The rise of data-intensive “Web 2.0” Internet services has led to popular new Object-Relational Mapping (ORM) programming frameworks. Rather than adopting the use of traditional transactional programming primitives, the ORM framework developers use feral (application-level) mechanisms for maintaining database integrity. They specify declarative correctness criteria/invariants (through validations and associations) and have the ORM enforce the criteria on their behalf.
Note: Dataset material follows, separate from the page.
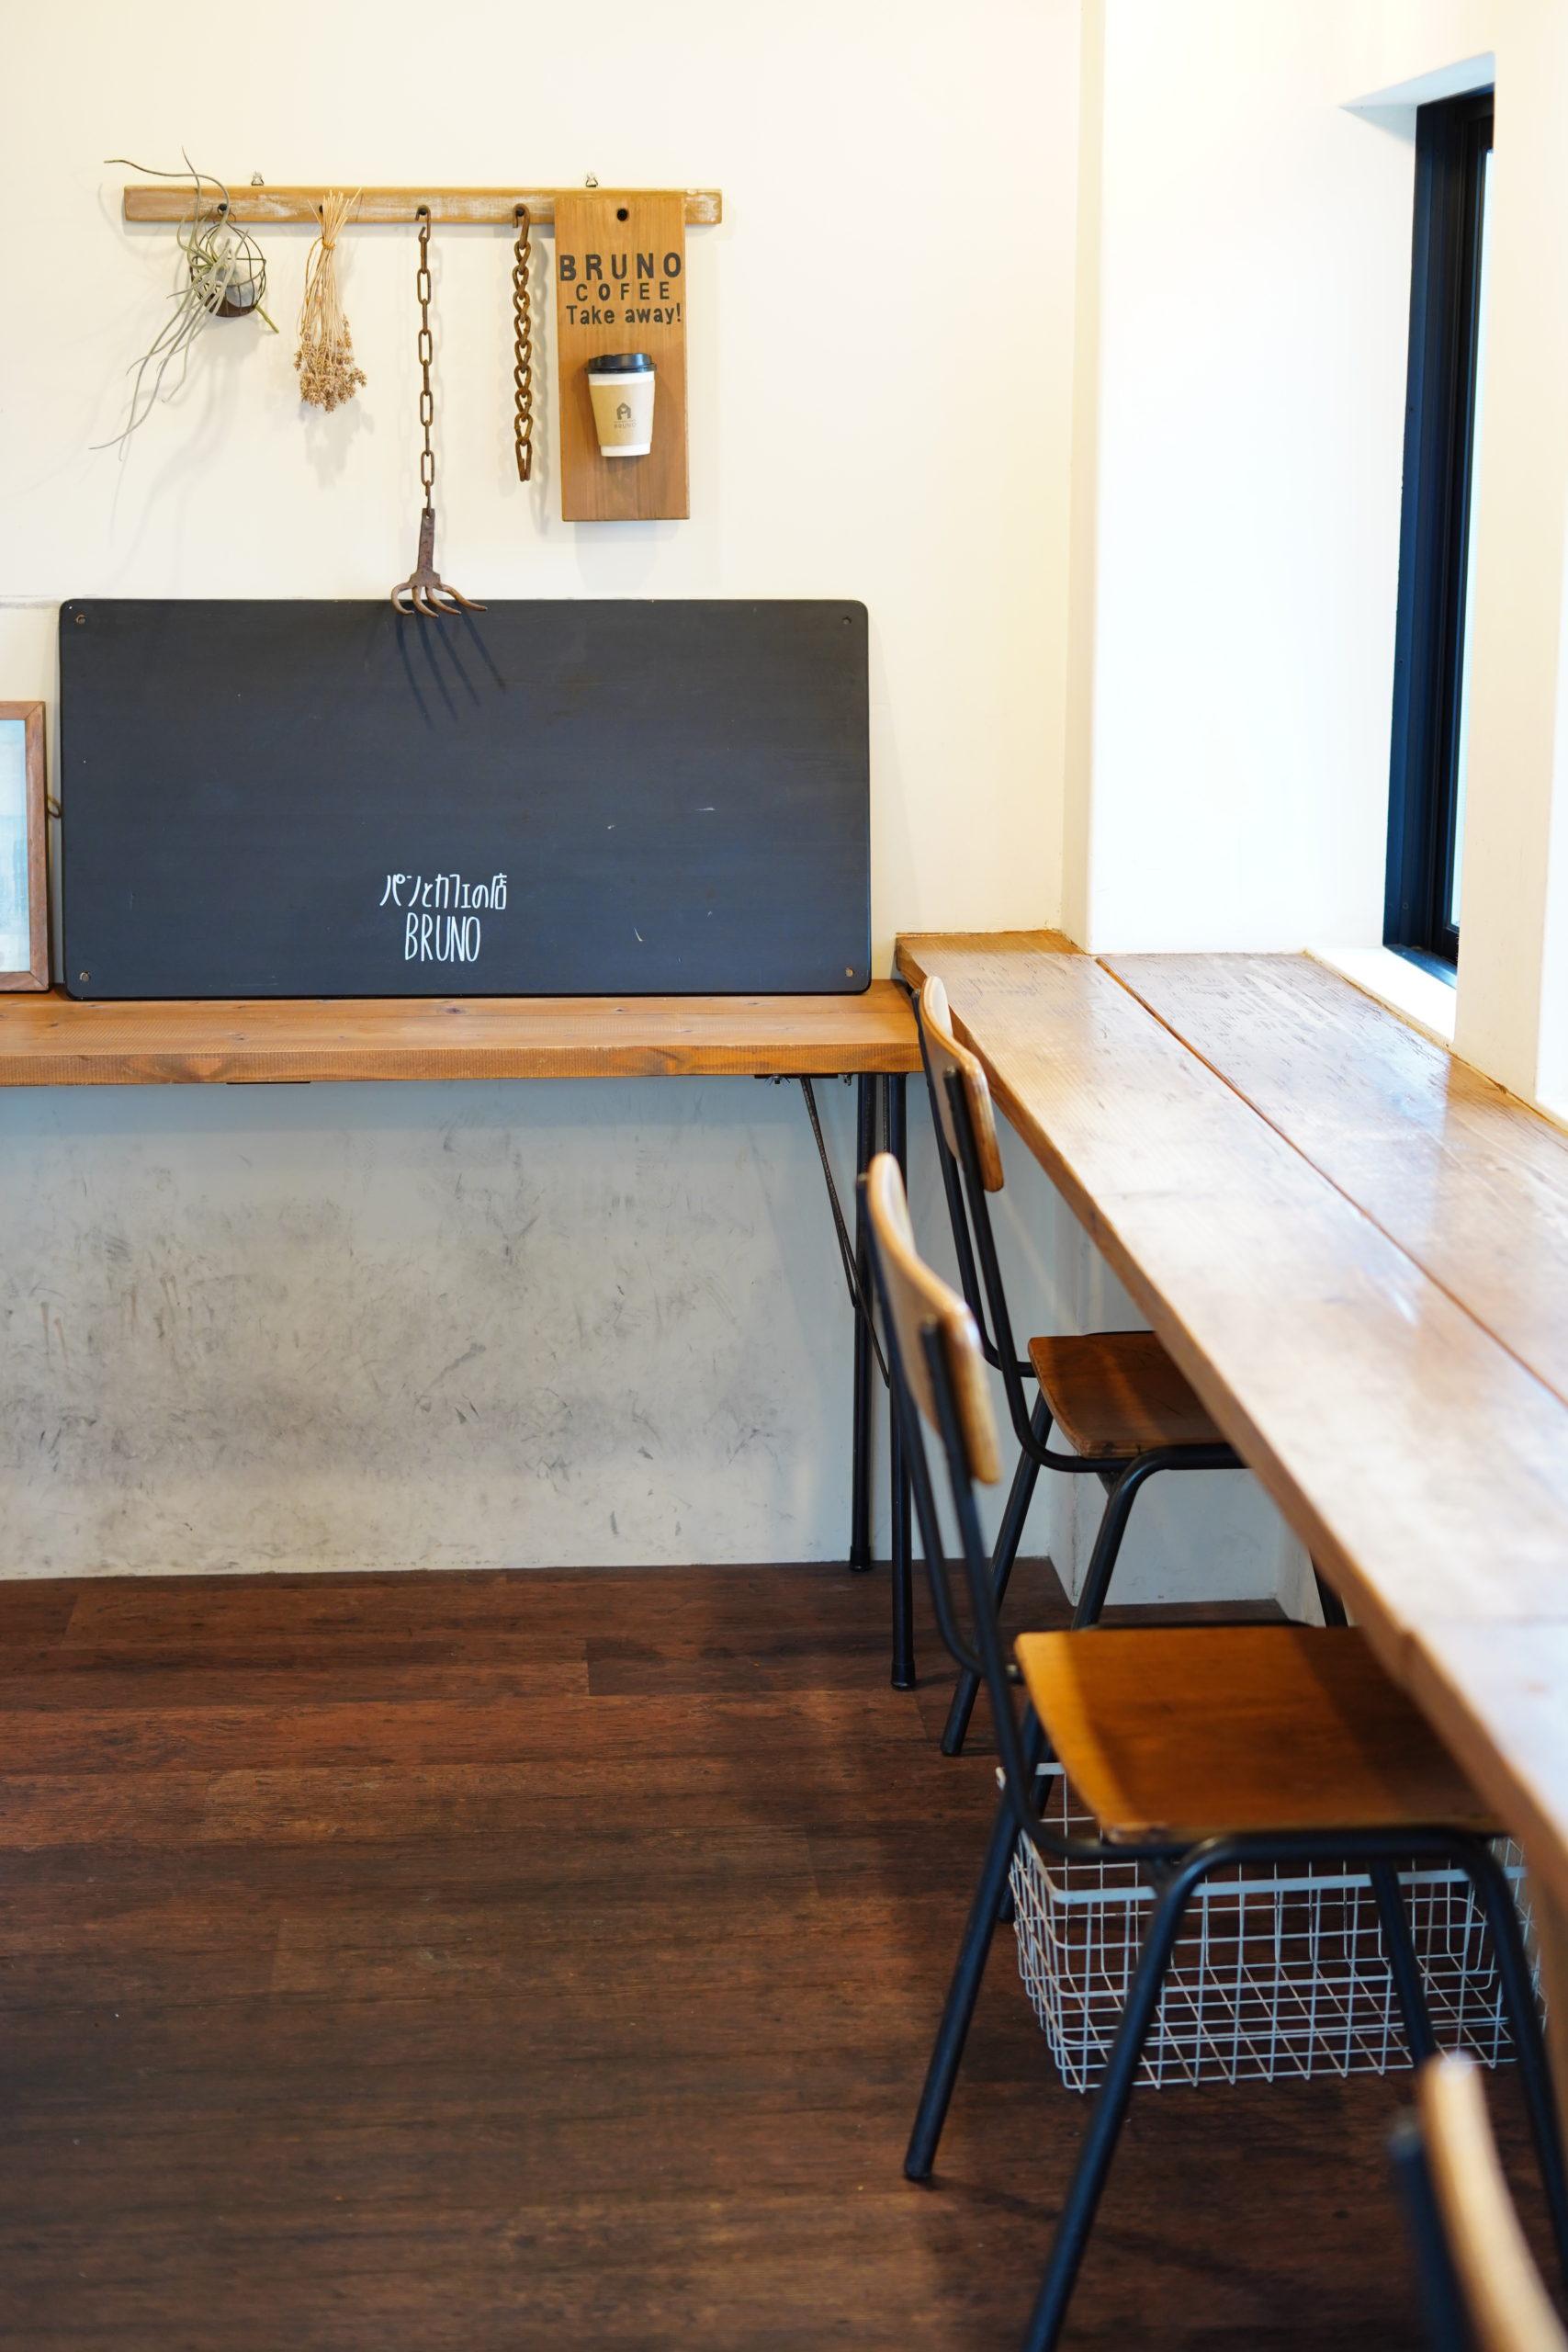 パンとカフェの店BRUNOさんのカフェスペース

This paper (Sigmod 2015) examines the implications of this impedance mismatch between databases and modern ORM frameworks for application integrity. The paper investigates Rails in depth (and also surveys six additional frameworks) to evaluate the effectiveness of these feral mechanisms in practice and to quantify data integrity violations experimentally. Implications of these for database research are discussed at the end.

Ruby on Rails

Rails divides application code into Model-View-Controller architecture. Building a Rails application consists of instantiating models and writing controllers and presentation logic for each.

Using an ORM (Object Relational Mapper) framework means you don't have to manually call the database yourself, the ORM handles it for you. Ruby on Rails uses ActiveRecord for this. Active Record is "an object that wraps a row in a database or view, encapsulates the database access, and adds domain logic on that data".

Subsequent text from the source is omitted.